After a season of moonlighting as a Givenchy muse/campaign star, Donatella Versace offered one of the week’s most promising collections. Versace dialed back the va-va-voom for something that was decidedly more accessible. Sure there were a few embroidered slips and mini dresses, worn with sky-towering platform sandals (and socks!), but in place of the usual up-to-there slits and overall ritz, Versace showed a collection that was almost combatant in its restraint. It also helped that the show was held in an expansive industrial hanger, featured a diverse cast of models, and Violet and Friends’s uplifting “Transition” track played on loop. Olive drab standard issue sack dresses were anything but standard, and generously cut pantsuits were either cinched at the waist with oversized belts or worn with a single bandeau top in majestic purple or traffic cone orange, signaling a new era of what it means to be sexy.
In sharp contrast, Jeremy Scott, a designer who has never shied away from the ostentatious, showed his most austere collection for Moschino to date. Silhouettes were simpler than in previous seasons, and finishings seemed more crisp. Traffic signage suits aside, highlights included a freshly Windex-ed latex Barbie-style gown in ice blue worn by Hanne Gaby (perhaps cleaned by Bella Hadid who sported actual living gloves with her look while carrying an oversized bottle of the blue cleaning liquid down the runway), and a group of sequined columns with Pop Art infused slogans emblazoned across their fronts—bonus points for the spot-on recreation of any NYC construction zone.

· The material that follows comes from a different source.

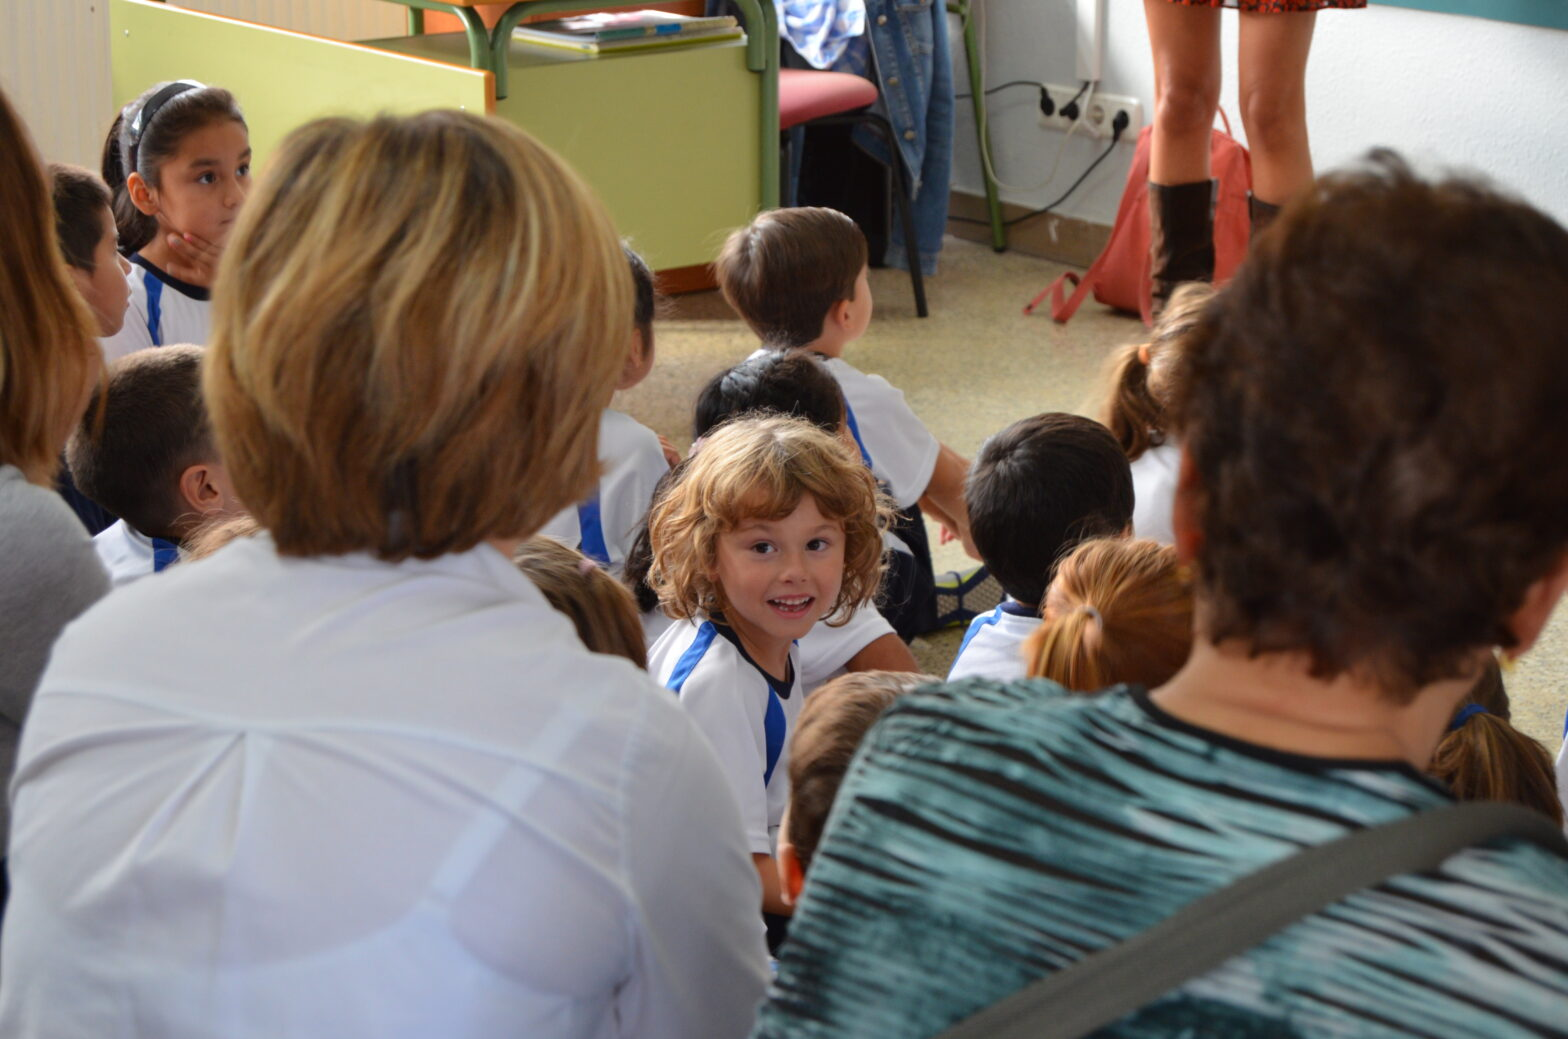 En Nevers Ikastetxea encontrarás un entorno cercano y familiar, gracias a esto te ofrecemos una educación individualizada, eficaz, integral y de alta calidad, desde 0 a 16 años.

Dolce and Gabbana, meanwhile, continued its ode to Italian familial archetypes. There was the doting grandmother, the conservative mother, the sexy daughter, the adorable granddaughter, and so on, with a decidedly web 2.0 twist. Models posed for selfies mid-runway and the images were immediately transferred to a jumbotron and Dolce and Gabbana branded social platforms. How’s that for Italian innovation?
Gucci’s Alessandro Michele has become something of a fashion darling since debuting his first menswear collection earlier this year. Continuing his obsession with former Gucci creative director Tom Ford’s sex-infused collections, and his reverence for early Yves Saint Laurent, Michele showed a treasure trove of wonders: lamé bell-bottomed suits, unlined lace tea dresses, and a host of heady frocks sure to make any fashion love swoon. The real standouts here were the parade of shoes, from vertiginous triple-stacked platforms, to those lush, gotta-have-’em-now flats with horse bits, and the sequined tromp l’oeil dickies of ruffles and pleats fashioned on everything from flimsy blouses to full skirts. Whimsy would be an understatement.